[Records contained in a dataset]
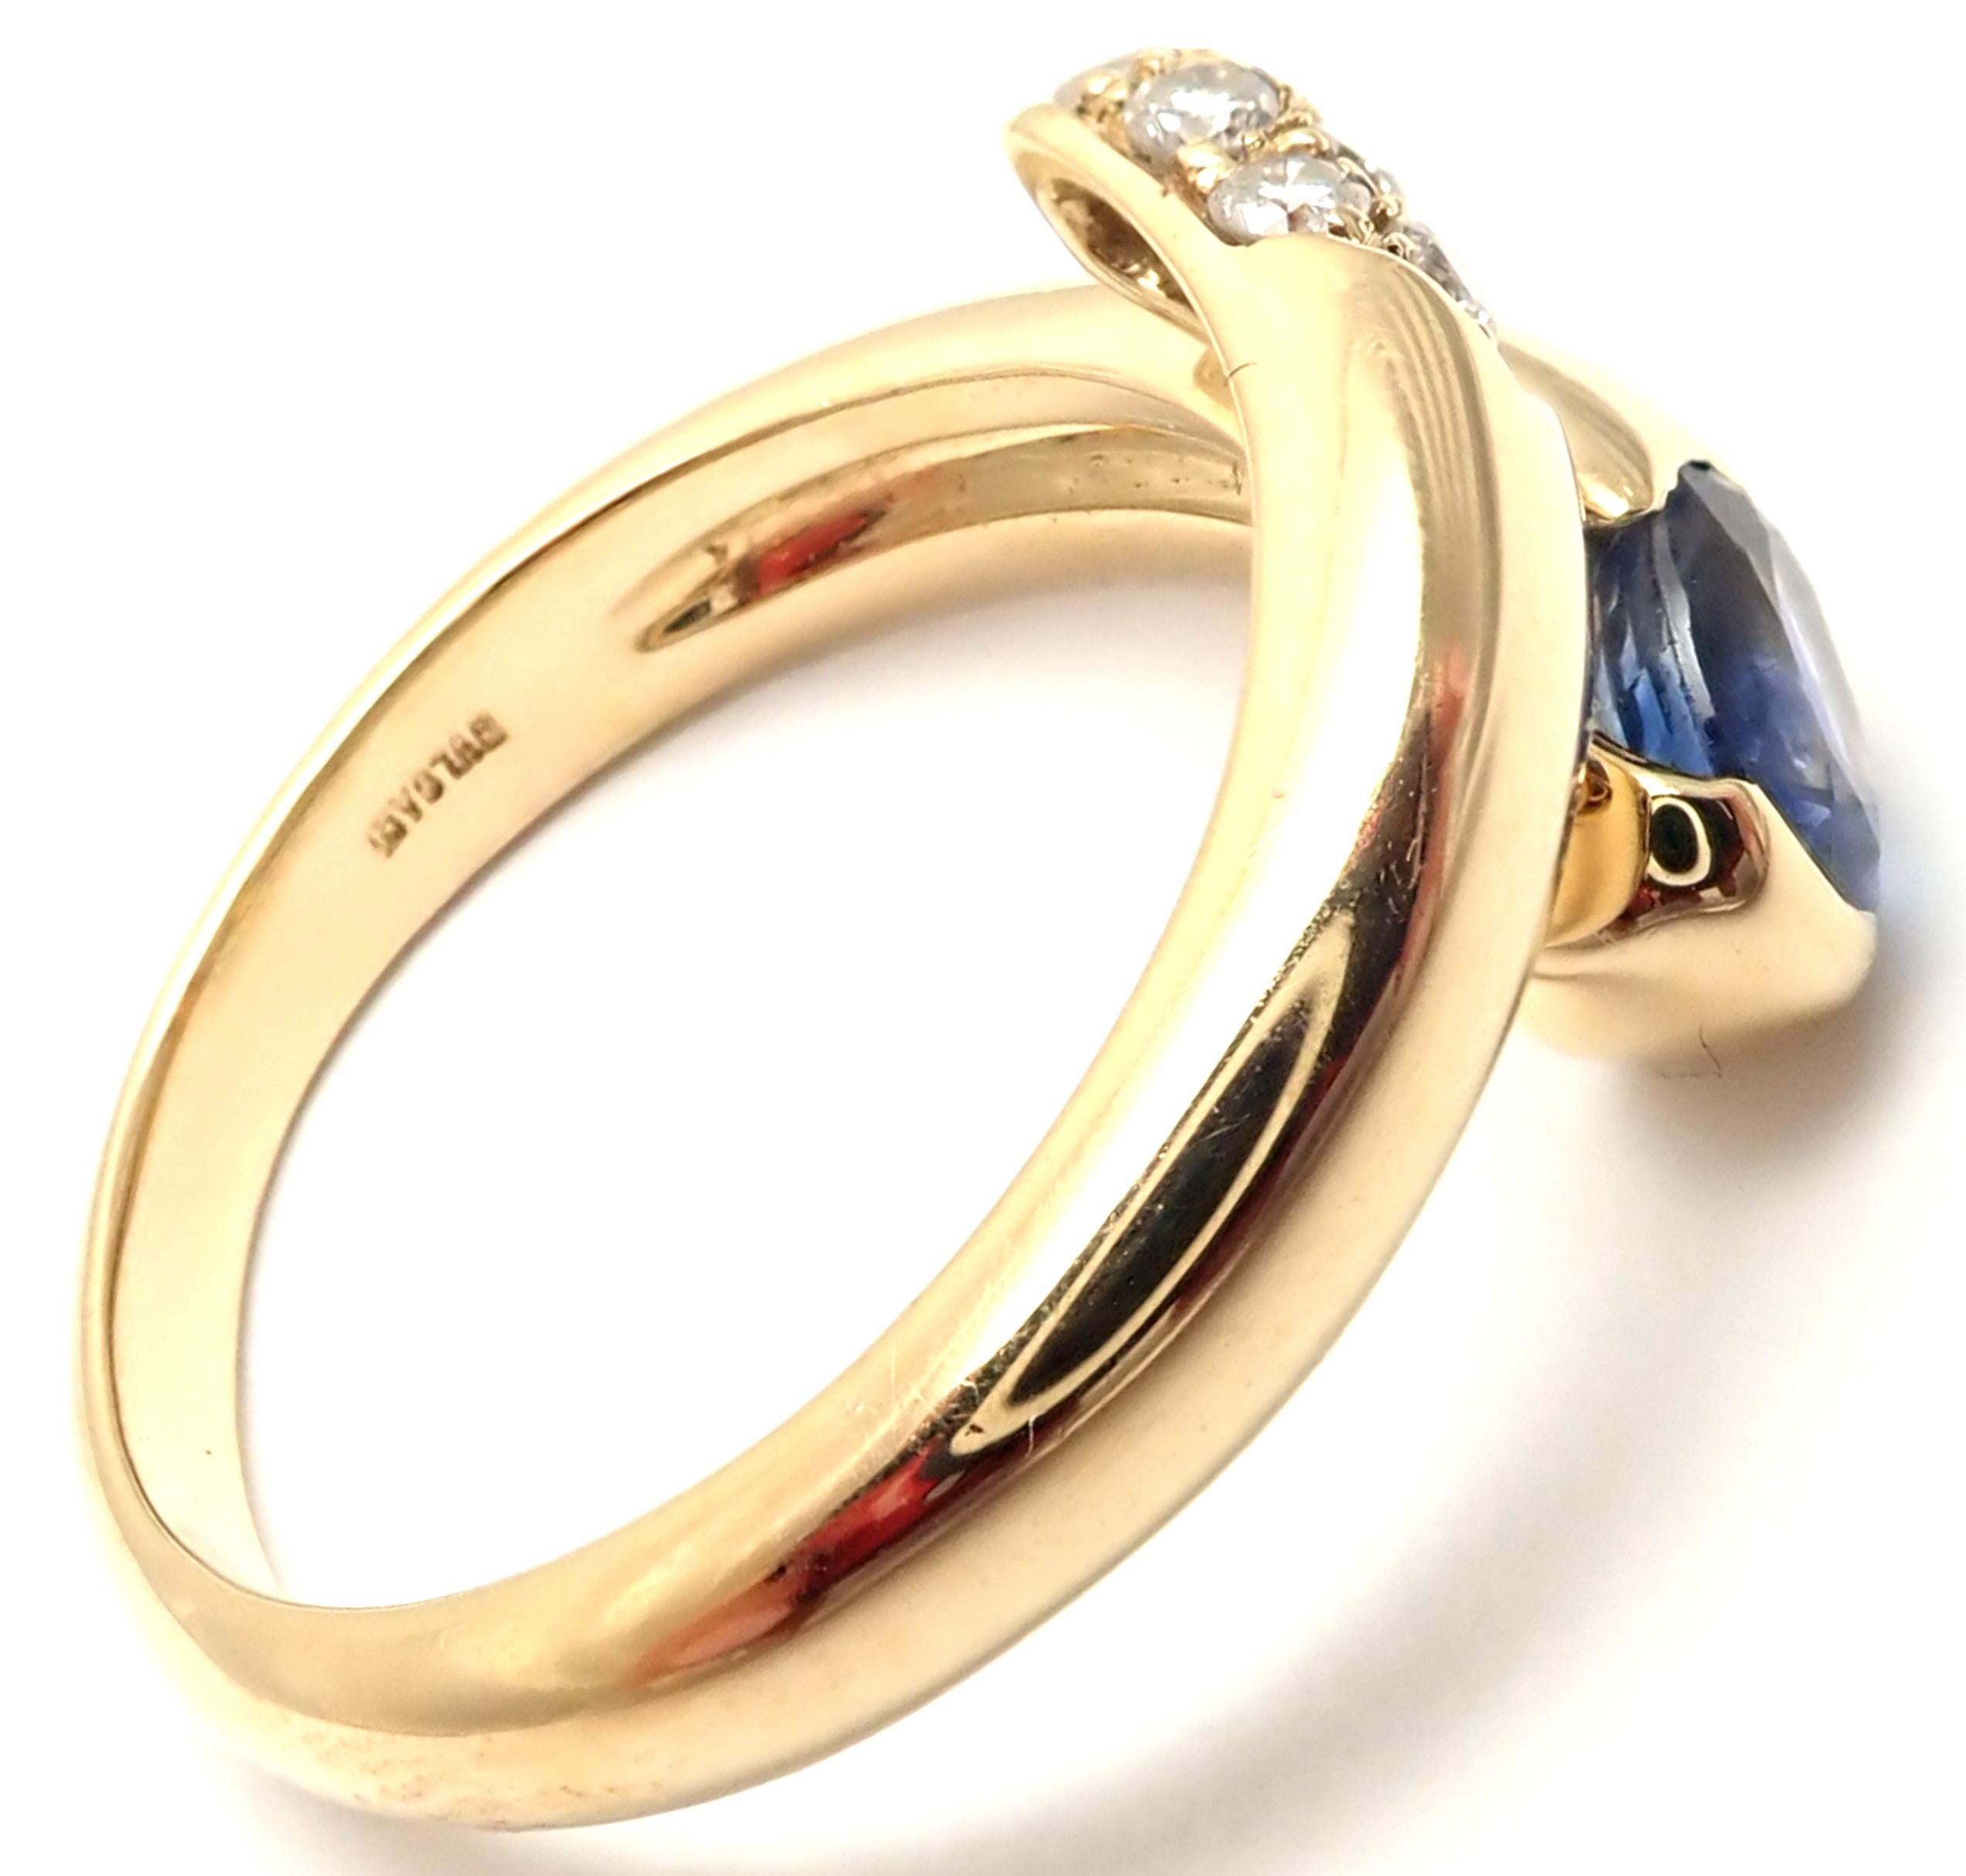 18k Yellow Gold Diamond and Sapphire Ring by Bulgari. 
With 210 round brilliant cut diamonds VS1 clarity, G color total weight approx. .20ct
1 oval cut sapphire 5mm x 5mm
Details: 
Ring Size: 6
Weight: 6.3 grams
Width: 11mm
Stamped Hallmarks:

What to work on ::
Only these lines should appear in the reply: the one containing "With 210 round", the last line of the data, and all lines between them, each copied exactly.

Task answer ::
With 210 round brilliant cut diamonds VS1 clarity, G color total weight approx. .20ct
1 oval cut sapphire 5mm x 5mm
Details: 
Ring Size: 6
Weight: 6.3 grams
Width: 11mm
Stamped Hallmarks:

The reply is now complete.